Author Topic: Built Worlds  (Read 3452 times)

Offline Dom

  • Conversationalist
  • **
  • Posts: 255
  • "I can't believe it's not Butters!"
    • View Profile
Built Worlds
« on: March 01, 2007, 04:16:33 AM »
I was working on one of my stories today, world-building away, and one thing came to mind is that some readers get jarred around if you mix and match different ideas for your world.  It don't happen to me--I like to be exposed to new ideas, I don't care if everything is 100% historically accurate--but some people get out of sorts if they see some sort of technology that was present in whatever-era England portrayed at the same time with a different technology that didn't come into existance until fifty years later.  I mean, it makes sense to be upset about this for serious historical fiction, in my opinion, but what about SFF that's not necessarily set in our world?

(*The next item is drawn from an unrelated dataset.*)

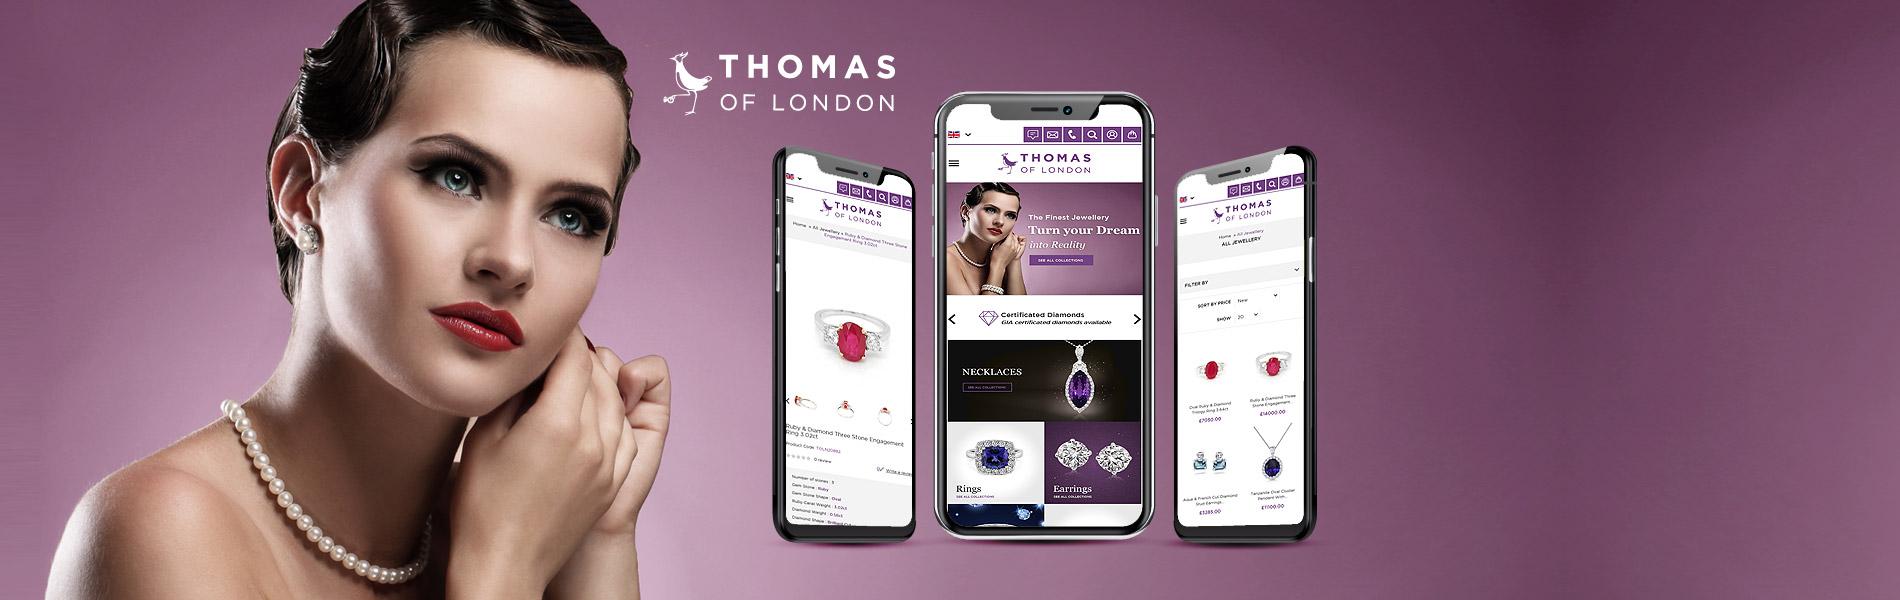 Thomas of London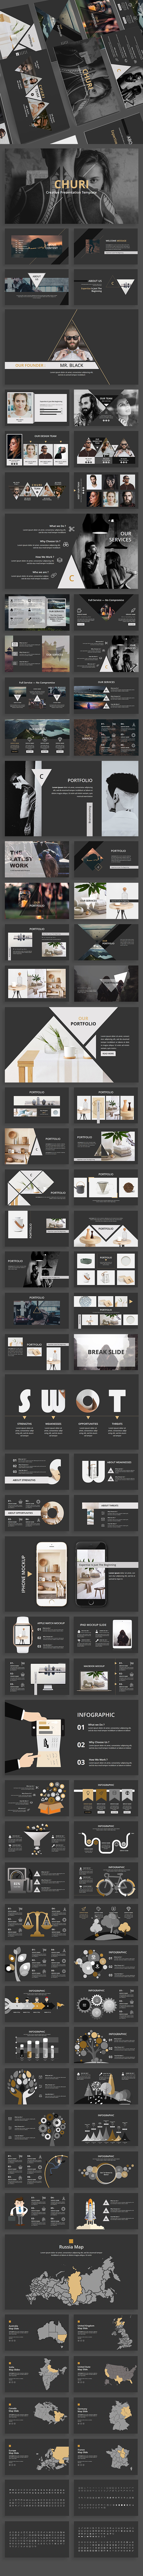 Churi Creative Google Slide Template - Google Slides Presentation Templates

When you build a new world, how careful are you about historical accuracy, and/or the culture a particular idea comes from?  As a reader, do you get angry when an idea from Ming Dynasty China is tossed into a world that has Rennisance Italian whatevers?  As a reader, how much attention do you pay to this sort of thing?

See, I was pillaging Glyptodons from the Pleistocene EpochThese are gigantic megafauna mammals the size of a VW Beetle.  And putting them in the same world with some quasi-victorian cultures, and post modern cultural musings.  And Atomics, and a space-faring race.  I'm pleased with the combination, but I'm wondering what's the general spread of readers' responses to that sort of worldbuilding?

Edit: Fixed bbcode.
« Last Edit: March 01, 2007, 04:25:04 AM by Dom »
- has put $0.10 in the pun tip jar as of today.

Offline blgarver

  • Conversationalist
  • **
  • Posts: 543
  • There are three things all wise men fear...
    • View Profile
    • Video Samples
Re: Built Worlds
« Reply #1 on: March 01, 2007, 04:42:08 PM »
As a reader, I don't pay attention to that.  Because I'm reading SciFi/Fantasy.  I suck at history and stuff like that anyway, so I wouldn't know one way or the other unless it was really really blatent...like a caveman doing cave paintings with a pallette and paintbrush, or a stagecoach with anti-air missiles.  You know the kind of stuff like in Wild Wild West...lol. 

However, I dont mind stuff like that, and if it's justified in the world and explained a little, then I'll accept it.  Now that I mentioned a stagecoach with anti-air missiles, I'm starting to put that image to use in my head...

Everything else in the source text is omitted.